I bought Chris Cornell’s first solo album. Euphoria Mourning, indeed.


The weight of a death.

My father, spending too much money on folk albums, on books about Antarctic expeditions. We could talk him into a little something extra, for us.

The last email my dad ever sent me was about a site he’d discovered called squirrelmusic. We were to watch Monty Python’s Flying Circus soon. We used to rent the VHS movies and sketch compilations, and now we had the DVD set. Ordered from the internet.

Ah, the internet. Did we not yet know this was the end?

11 years between deaths, there are aftershocks. I walked through Hastings. Why am I crying?

Why am I crying?

Sometimes, death announces its schedule. Sometimes, it arrives on a cold evening, at midnight. Sometimes, it is a phone call and a wail, and sometimes it is a press release. This is it. We’re done.

A heart doesn’t know its shape until it has a void to fill.

All these people with carts fill of discounted merchandise, picking over the detritus of another retail death knell, gleeful at 70% off and talking of Christmas and dissatisfaction when they thought there would be more of one item or another. Buzzards.

I circle around the store like a mother panther. Protective. Anxious. Snarling at the thought of one more fond memory snatched away. I have lost so much in eleven years.
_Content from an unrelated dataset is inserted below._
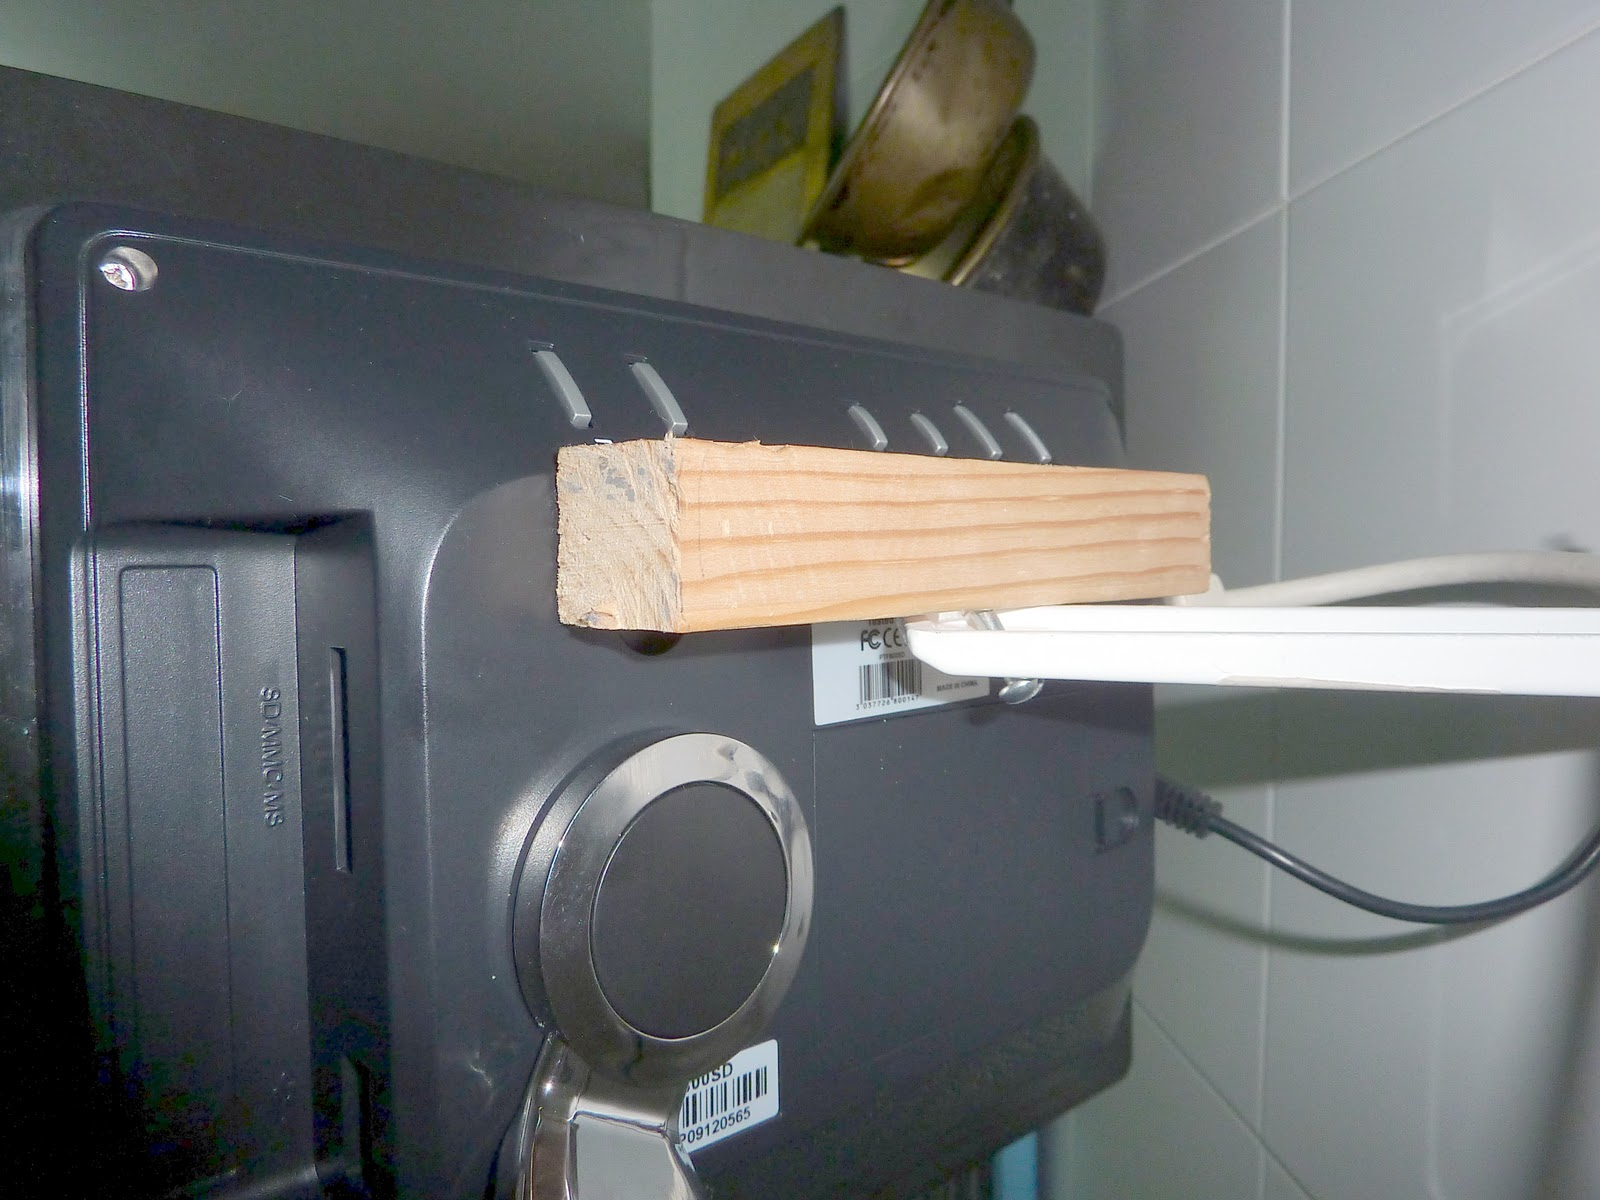 Televisores Pequenos Para Cocina - Diseños Arquitectónicos - Mimasku.com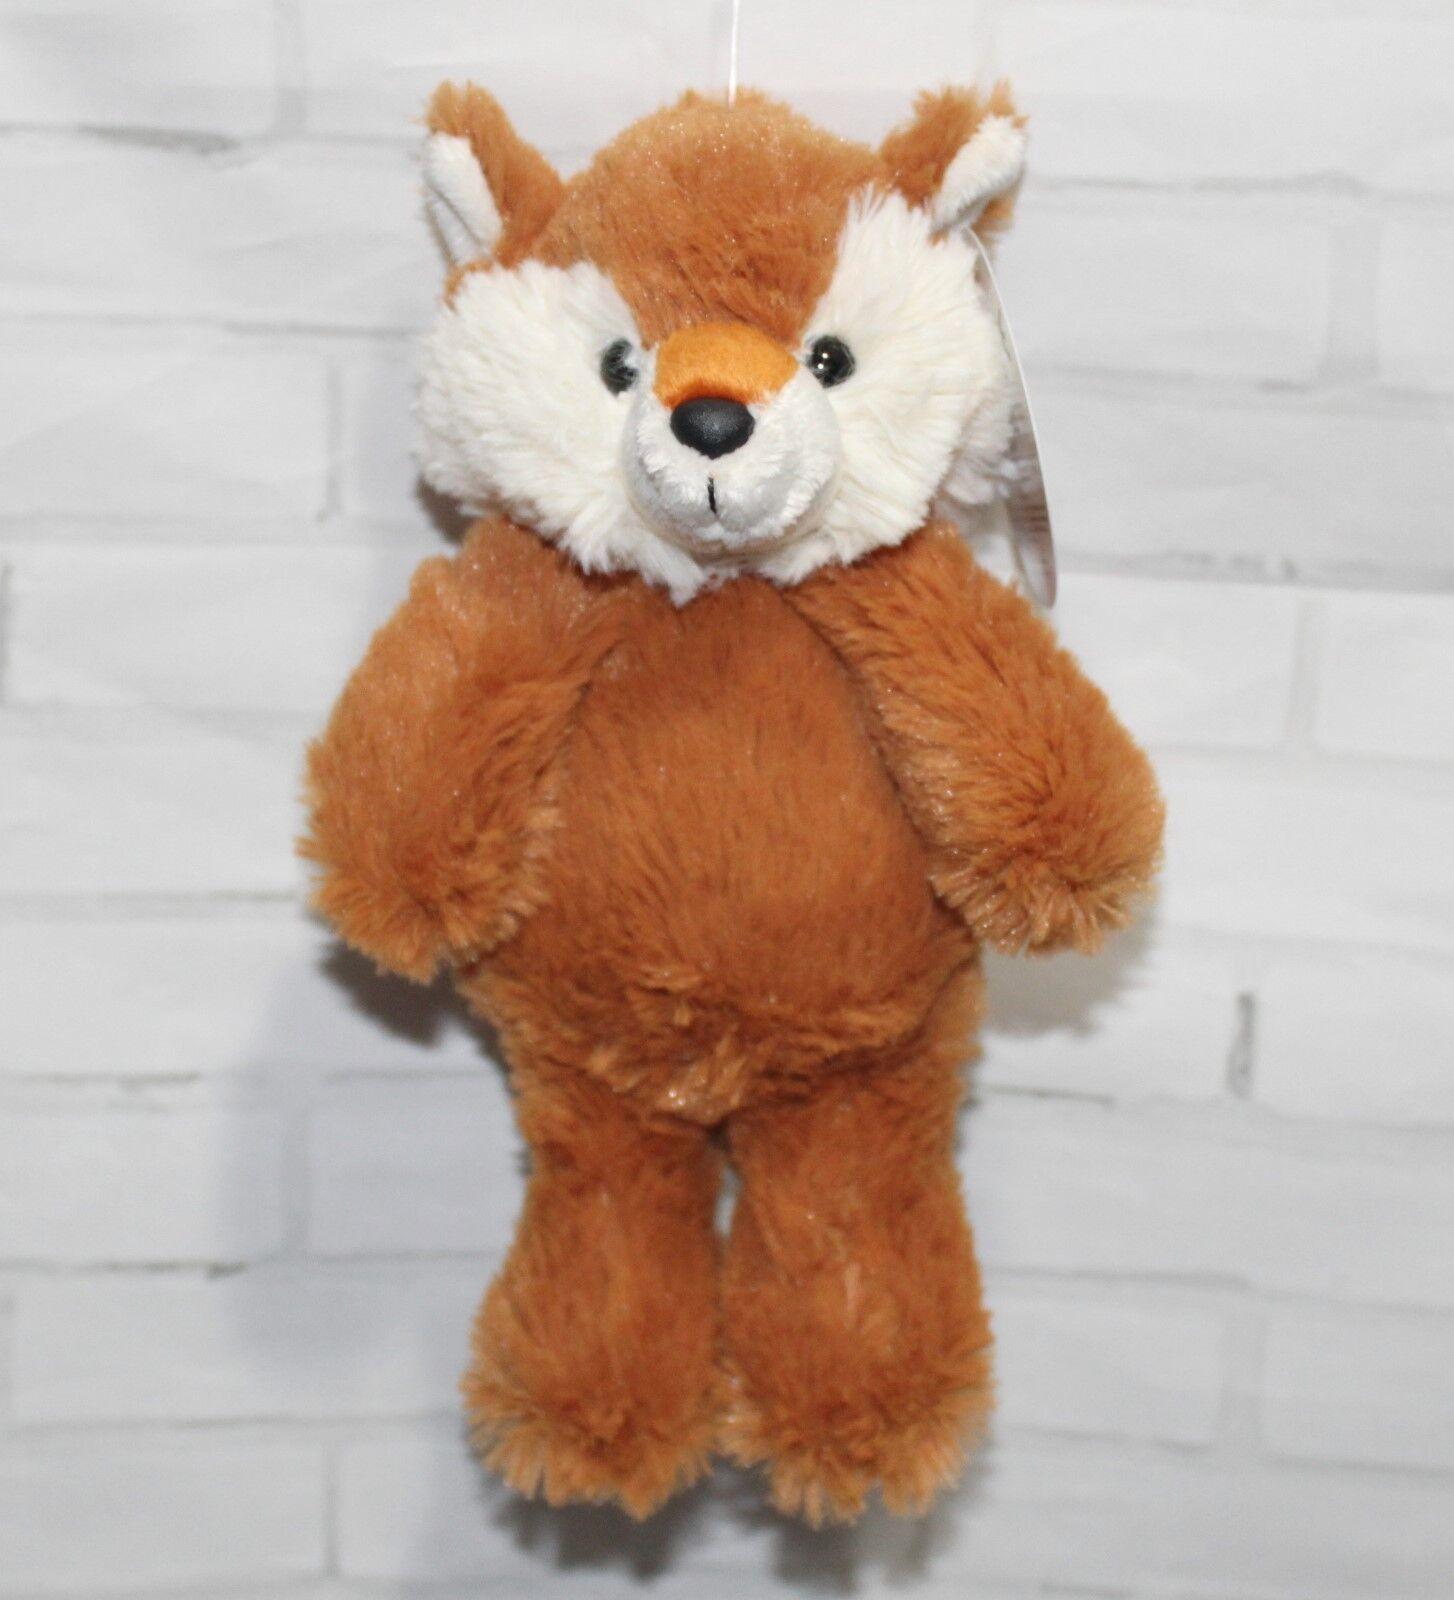 "Aurora Cuddly Friends FOX 8"" Plush Floppy Stuffed Animal NEW"

My father, my health, and now… I am exhausted and staring at empty shelves with price tags.

It’s not even the same building anymore. They moved locations, tried new things, added a café. The place we spent so many afternoons and evenings browsing is now a Dollar Tree. Sometimes, in the wrapping paper aisle, I remember there used to be magazines. The floor still creaks in the same way.

Move buildings, move houses, create a family, lose your family, try something new. Persist.

Sometimes it doesn’t work.

Hastings was a thread.

How does it feel to hoard art that makes your heart whole? Difficult.